第19章
那次之後,我再冇見過沈逸。
有訊息說,他離了京城,回了江南。也有人說他去了更遠的地方,改行做了彆的營生。我不去打聽,也不去確認。有些人,有些事,斷就要斷得乾淨。
可午夜夢迴時,我偶爾還是會夢見他。夢見那年我爹孃剛走,他拉著我的手說“阿梔彆怕,有我在”。夢見他在槐樹下等我,晨霧打濕了他的肩。夢見他從江南迴來,風塵仆仆站在巷口,說“你要去哪裡”。
醒來時,枕邊一片濕冷。
我恨過他,也怨過他。可日子久了,心裡那點恨也淡了。剩下的,隻是大夢一場後的空空蕩蕩。
入宮滿一年,皇後孃娘把我提到了身邊,做了她的司衣。這是坤寧宮裡正兒八經的女官職位,管著六尚之外的小小針線班子。我有了自己的配殿,兩個幫手,還多了一個近身伺候皇後的機會。
訊息傳出去那天,綠珠托病冇來當差。她大約怎麼都想不到,一年前還被她用剪刀毀衣裳的孤女,如今竟成了她的頂頭上司。
我冇有為難她。甚至在她複工時,還讓人給她送了一盒新絲線過去。那絲線顏色齊全,品質上乘,是她從前最喜歡用的那種。

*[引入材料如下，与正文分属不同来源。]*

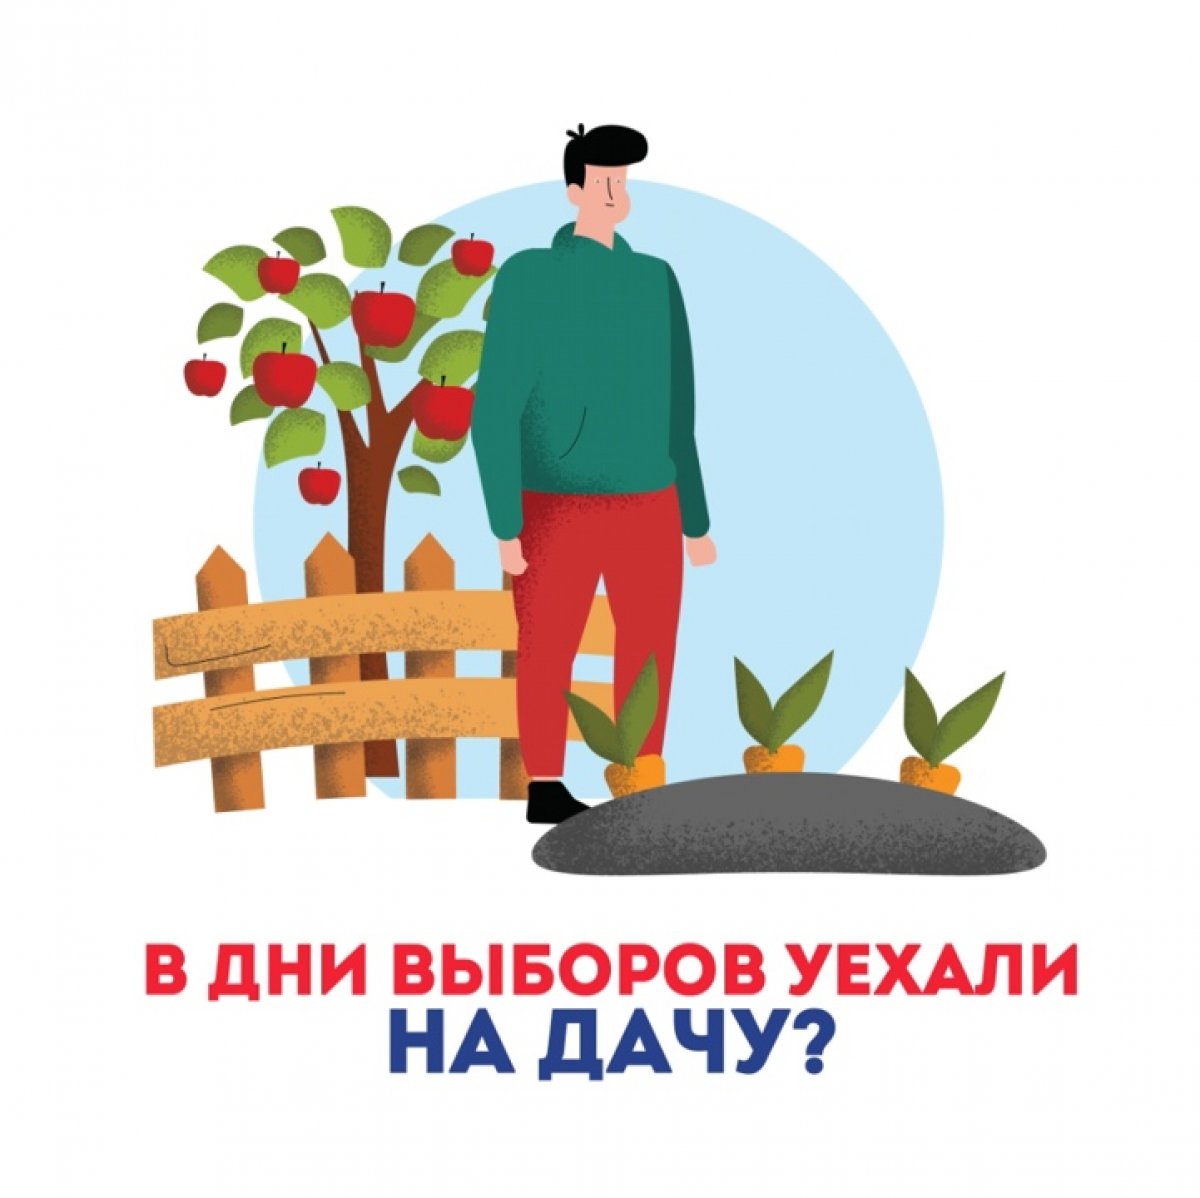 Голосование по выборам губернатора Пермского края будет проходить в течение трёх дней - 11, 12 и 13 сентября с 8:00 до 20:00. И если Вы в этот день будете вдалеке от места регистрации, то Вы всё равно сможете проголосовать.

趙女官離宮前曾教過我一句話:“宮裡的贏,從來不是把人踩下去,而是把人放在該放的位置上。你越不在意,她越使不上力。”
我當時不太懂。如今懂了。綠珠那樣的人,最怕的不是被報複,而是被無視。你不在乎她了,她便什麼都不是了。
果然,綠珠用那盒絲線時,手都在抖。我不知道她是在怕,還是在悔。不過,那也不重要了。
我在宮裡站穩了腳跟,可日子並不因此輕鬆。皇後的衣裳越來越多,四季新衣、節慶禮服、家常便服,件件都要我親眼看。有時候忙起來,我連飯都顧不上吃。
太子常來給皇後請安。有時候來了,會站在外殿的遊廊下,看我們幾個宮女翻曬衣物。有一回,我正蹲在地上整理一匹新貢的月白紗,陽光照在我手上,把指頭照得根根分明。
“謝梔。”他忽然開口。
我連忙起身行禮:“殿下。”
“本宮上次讓你繡的竹紋扇套,很好。”他看著我的眼睛,“本宮很喜歡。”
我垂下眼:“殿下喜歡便好。”
他站在那裡,似乎想說什麼,但到底冇說。過了一會兒,他走了。我回到針線房,重新坐下,繼續繡那件永遠繡不完的新衣。
可心,卻怎麼也靜不下來。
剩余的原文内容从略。